Randbedingungen des menschlichen Überlebens
Schon immer waren Fragen dieser Art für das Überleben der Menschen in Extremsituationen ganz elementar, zum Beispiel in Hungersnöten, welche auch in Europa bis ins 19. Jahrhundert häufig gewesen sind und die mich als Kind bewegt und erschreckt haben. Ich erinnere mich an die naive Frage des in einer Zeit des effizienten Schienen-und Strassenverkehrs Aufgewachsenen, wieso man dann nicht einfach Nahrungsmittel aus Überschussregionen in die leidenden Gebiete transportiert hätte.

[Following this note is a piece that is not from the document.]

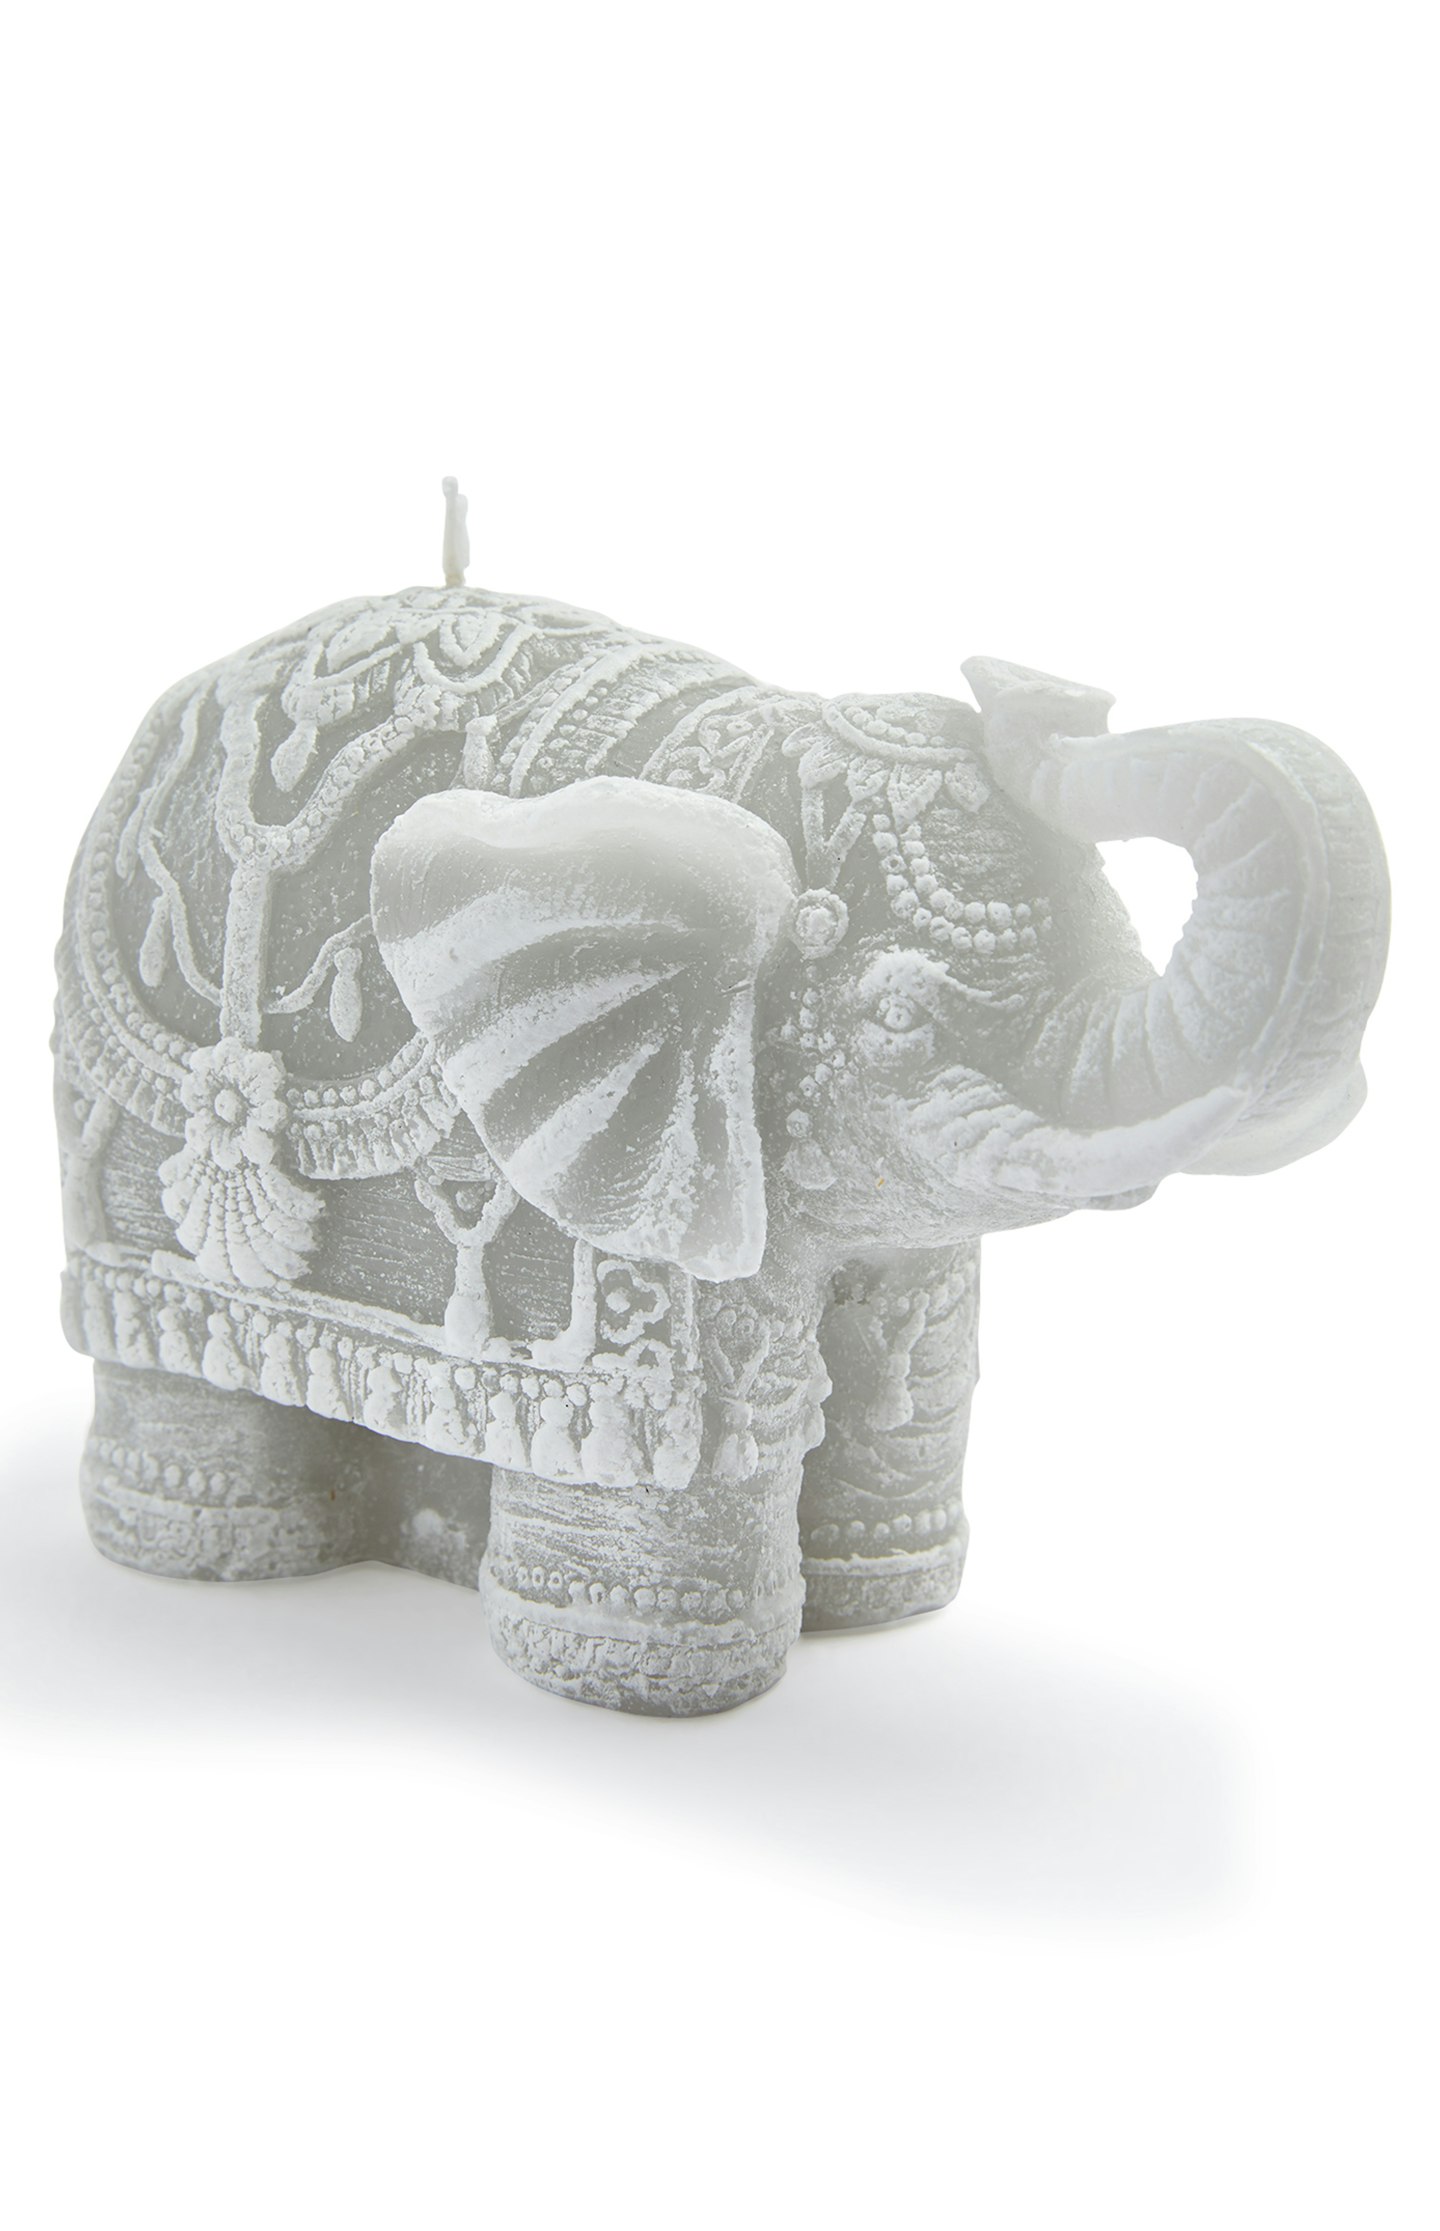 Primark, Elephant-Shaped Candle, £2.50
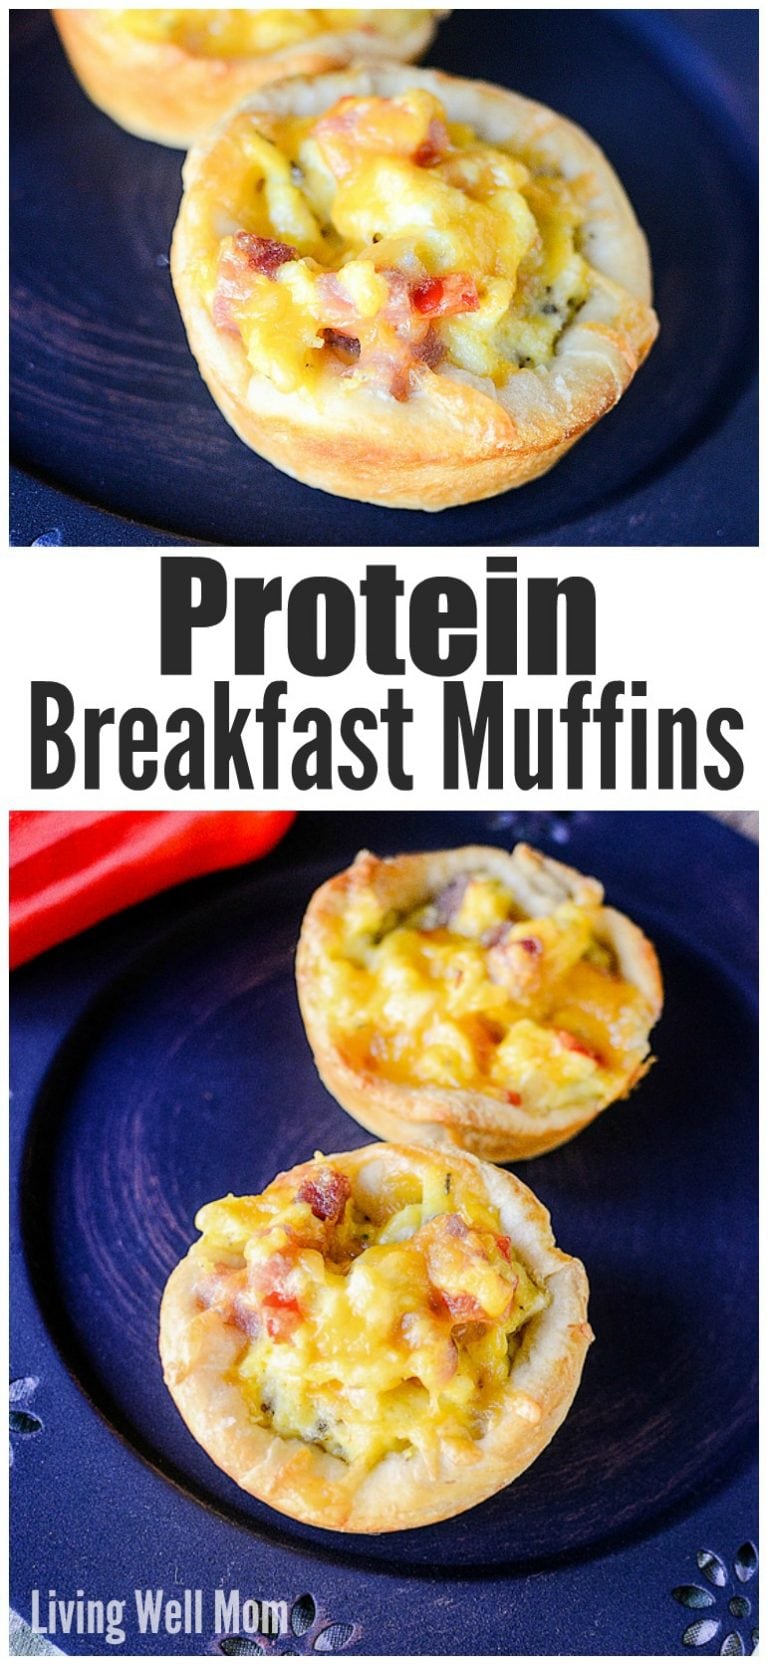 Protein Breakfast Muffins Recipe

Erst viel später begann ich die Randbedingungen des menschlichen Überlebens VOR der Erfindung der Dampfmaschine und der Nutzung fossiler Energien zu verstehen. Nur auf dem Wasser waren die Energien für den Transport von Waren nicht prohibitiv gross. Dort konnte auch die Windkraft als natürliche Energiequelle angezapft werden, auf Flüssen die Strömung – zumindest stromabwärts.
„Nettoeffekt“
Auf dem Land hingegen war der Transport von Waren auf die Muskelkraft von Mensch und Tier angewiesen, und diese Kraft benötigte ihrerseits genau jenes Gut, nämlich Nahrung, welches zur Vermeidung von Hungersnöten zu transportieren gewesen wäre. Ferner ging es nicht nur darum, die Nahrung für den Hin- und Rückweg des Transporteurs mitzutragen, sondern zusätzlich – als „Nettoefekt“ – auch Nahrung für die Region, in der Hungersnot herrschte, was die anfangs erwähnten Distanzen schnell auf einen Bruchteil schrumpfen liess.
Kurz, eine Hungersnot im Tösstal liess sich in früheren Zeiten nicht durch einen entsprechenden Nahrungstransport im Emmental vermeiden, ganz abgesehen davon, dass wegen der Grossräumigkeit des Klimas Hungersnöte meistens in grösseren Regionen gleichzeitig aufgetreten waren.
Ein Aderwerk
Selbstverständlich waren sich die Menschen der oben skizzierten Bedingungen ihrer Existenz immer bewusst – auch ohne gelehrte Rechnungen. Sie wussten auch, dass über grössere Distanzen Warentransport nur auf dem Wasser möglich ist. Das Meer und die Flüsse haben die Besiedlungsentwicklung des Menschen bestimmt. Die Flüsse verlängerten die Vorteile des Wassertransports weit ins Land hinein. War die Strömung moderat, liessen sich durch das Treideln, d.h. durch das Ziehen von Schiffen durch Mensch oder Tier vom Land aus, Waren auch stromaufwärts transportieren.
Doch der Mensch erträumte sich mehr: Ein Fluss bildet ein Aderwerk, d.h. ein System von Wasserläufen, die alle zum Hauptstamm hinlaufen und nur über diesen miteinander verknüpft sind. Solche Systeme werden erst dadurch zu einem Netzwerk, wenn es gelingt, künstliche Kanäle zwischen verschiedenen Flüssen über Wasserscheiden hinweg zu bauen.
Le Canal d’Entreroches
In Europa weckten zwei Barrieren besondere politische Träume, die eine zwischen dem Mittelmeer und dem Atlantik, die andere zwischen dem Atlantik und dem Schwarzen Meer.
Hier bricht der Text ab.